Now let's come to the hard part. What is this light? I'm no longer talking in terms of a clerk in an office, because I don't want to get bogged down in human images. All our pigeon holes are in darkness except where the spot of light falls. What that light consists of, where it comes from, we know nothing. It lies outside our present-day physics.
You remember I told you that it's possible to defy our own present-day physical laws and still to make a clear gain in our assessment of the world. You remember the radioactive nuclei with the counters surrounding them? We wanted to know whether or not in a certain period of time a nucleus had undergone decay. I said there was only one way to find out. By looking. In other words by using the spot of light in our pigeon hole. My strong hunch is that it's the spot of light that permits decisions which lie outside the laws of physics. This is why I'm so sure something else must be involved. It doesn't need to be anything mystical.
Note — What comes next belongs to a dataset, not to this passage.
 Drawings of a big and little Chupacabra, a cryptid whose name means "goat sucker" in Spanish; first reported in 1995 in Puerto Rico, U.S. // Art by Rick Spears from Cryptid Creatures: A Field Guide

It may be subject to precise description, to law and order, the same as in our ordinary physics. It may only be mysterious because we don't understand it.""
(dtto, p. 67)


""There's certainly a lot of things I don't understand. This light of yours, or whatever you like to call it, how does it decide that you are you and I am me?"
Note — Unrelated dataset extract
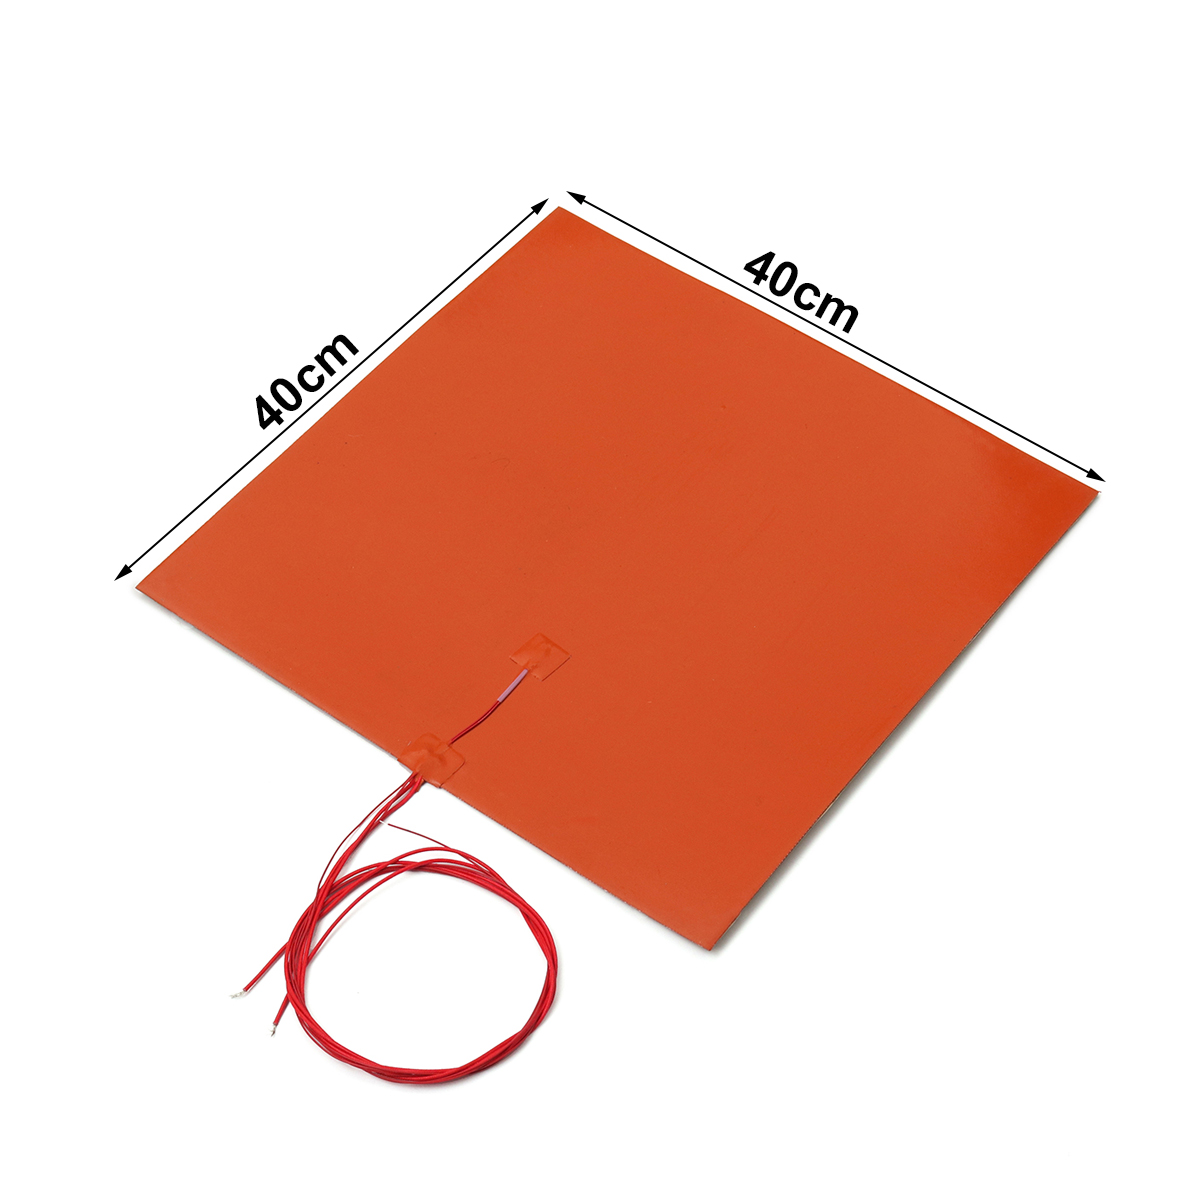 1400w 240V 400*400mm Silicone Heater Bed Pad For 3D Printer Without Hole 9

"That could be another illusion. Look, along one wall of our office we have one complete set of pigeon holes, all in their nice tidy sequence. Along another wall we have another set of pigeon holes. Two completely different sets. But there is only one light. Wherever it happens to be, there is the phenomenon of consciousness. One set of pigeon holes is what you call you, the other is what I call me. It would be possible to experience both and never know it. It would be possible to follow the little patch of light wherever it went. There could be only one consciousness, although there must certainly be more than one set of pigeon holes."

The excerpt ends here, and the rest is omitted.